LAMBERT PUTS STALIN IN THE DOCK.
In his reply to me in OP, Prospect No.14, Lambert shows he is intent on putting Stalin in the dock, even if this means rejecting Marxism-Leninism on important issues. The themes which Lambert covers are the following: bureaucracy, leader-centralism, enemies of socialism, revisionism, degeneration, the battle for democracy, more light, and capitalist policies.
I will deal with these issues presented by Lambert one by one.
BUREAUCRACY.
The first is ‘bureaucracy’. Lambert takes me to task when I argued that Stalin’s opposition to the consolidation of the Soviet Bureaucracy into a class needs no substantiation. Lambert argues that Tony could find no textual evidence for his views. I therefore advise Lambert to read the introduction to ‘Stalin Letters to Molotov’.
Lambert argues that the Communist Movement, i.e., the forces of the Third International, rejected Trotsky’s views about a counterrevolutionary bureaucracy. Trotsky only came out with these views after he lost political power, so it is not surprising that the Communist Movement regarded this as sheer opportunism.
Lambert rejects the view that under certain conditions bureaucracy could transform itself into a new ruling class, both under capitalism and socialism, and that there would be strong tendency in this direction in the absence of institutions of democratic representation and scrutiny. In the case of capitalism such a bureaucratic class would share power with the old capitalist class, in much the same way as the old capitalist class compromised and shared power with the old landed aristocracy. So Lambert is not only wrong but also dogmatic when he says bureaucracy ‘cannot’ transform itself into a new ruling class.

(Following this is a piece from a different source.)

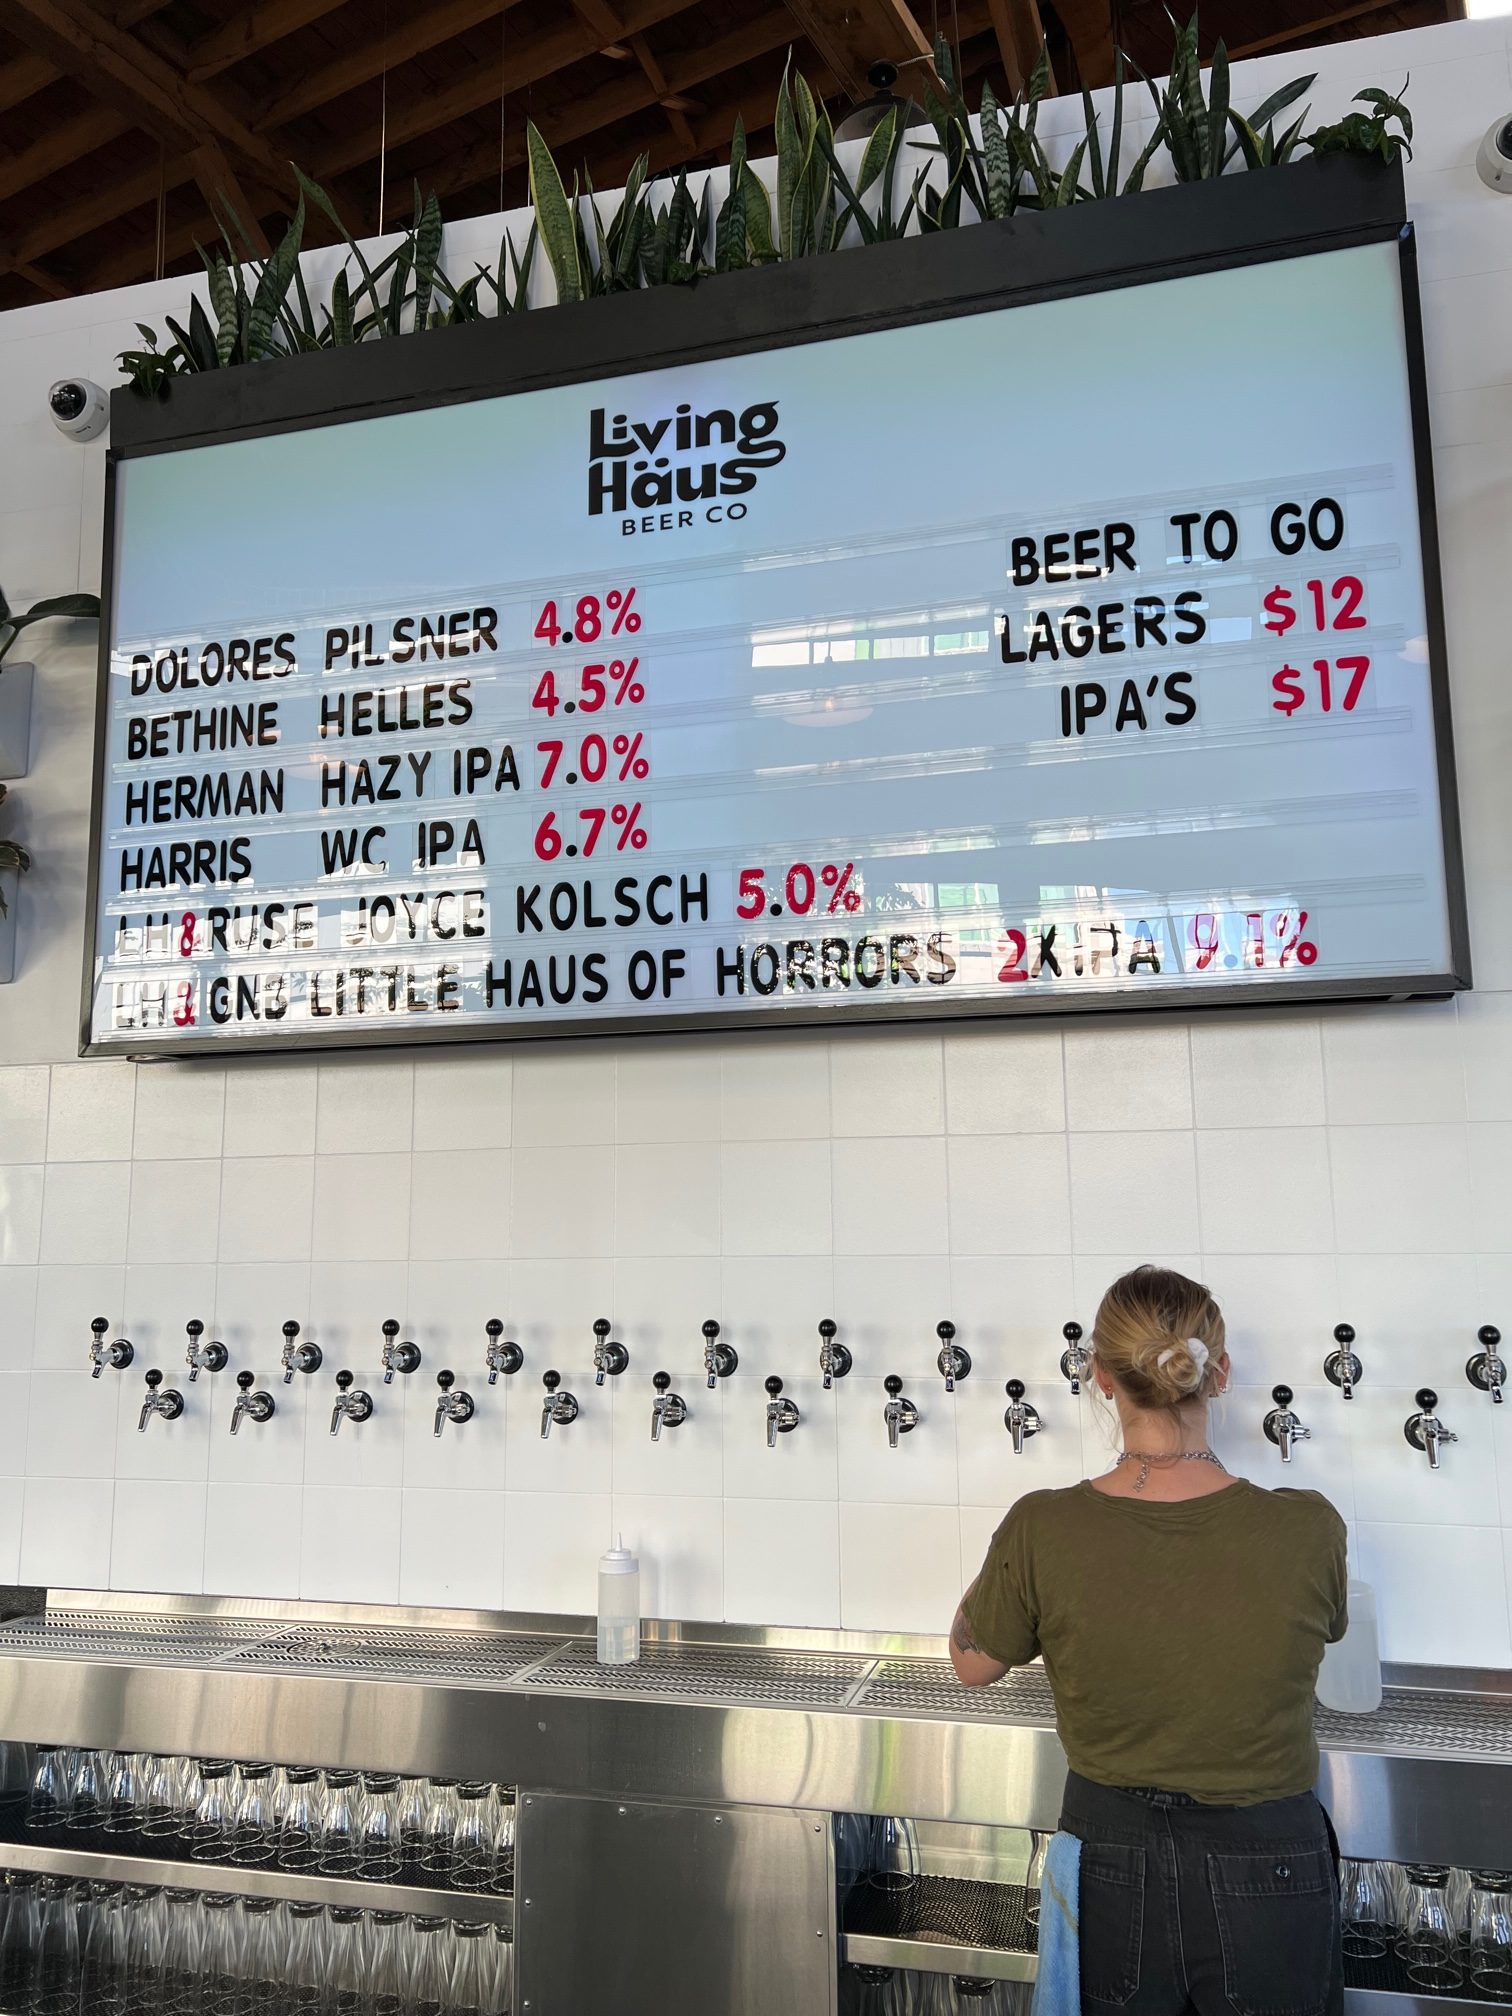 The easy to read beer menu board at Living Haüs Beer Co.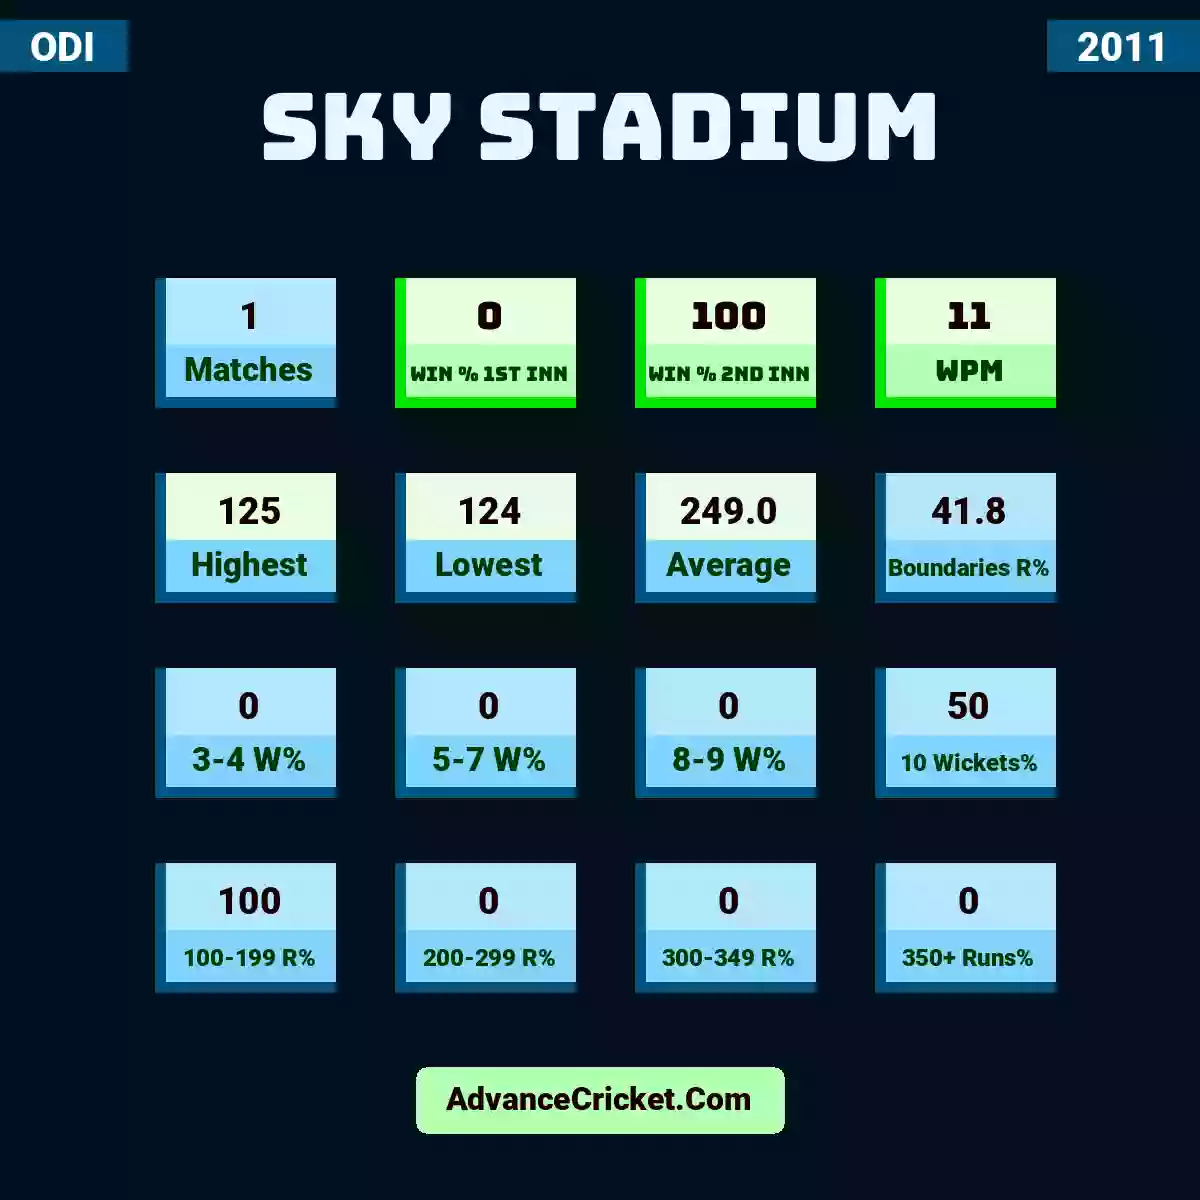 Image showing Sky Stadium with Matches: 1, Win % 1st Inn: 0, Win % 2nd Inn: 100, WPM: 11, Highest: 125, Lowest: 124, Average: 249.0, Boundaries R%: 41.8, 3-4 W%: 0, 5-7 W%: 0, 8-9 W%: 0, 10 Wickets%: 50, 100-199 R%: 100, 200-299 R%: 0, 300-349 R%: 0, 350+ Runs%: 0.

STALIN AND ‘LEADER-CENTRALISM’.
Lambert argues that ‘ The permanent cessation of multanimous practice across the CPSU obviously resulted in the stultification of democracy among the advanced workers’. What is the evidence for this? Don’t ask Lambert; he doesn’t provide any answer. What is obvious is that Lambert equates democracy with factionalism.
Lambert’s view of the CPSU is completely abstract. But a real communist party as it matures with experience increases its unity. Lambert doesn’t realise that the communist party becomes more united, factionalism declines more and more as class society weakens and socialist solidarity increases. In other words Lambert fails to see that the advance to socialism leads to increasing social and political unity, unlike under capitalism where we see a proliferation of political parties and factions, corresponding to the disunity of people under bourgeois rule.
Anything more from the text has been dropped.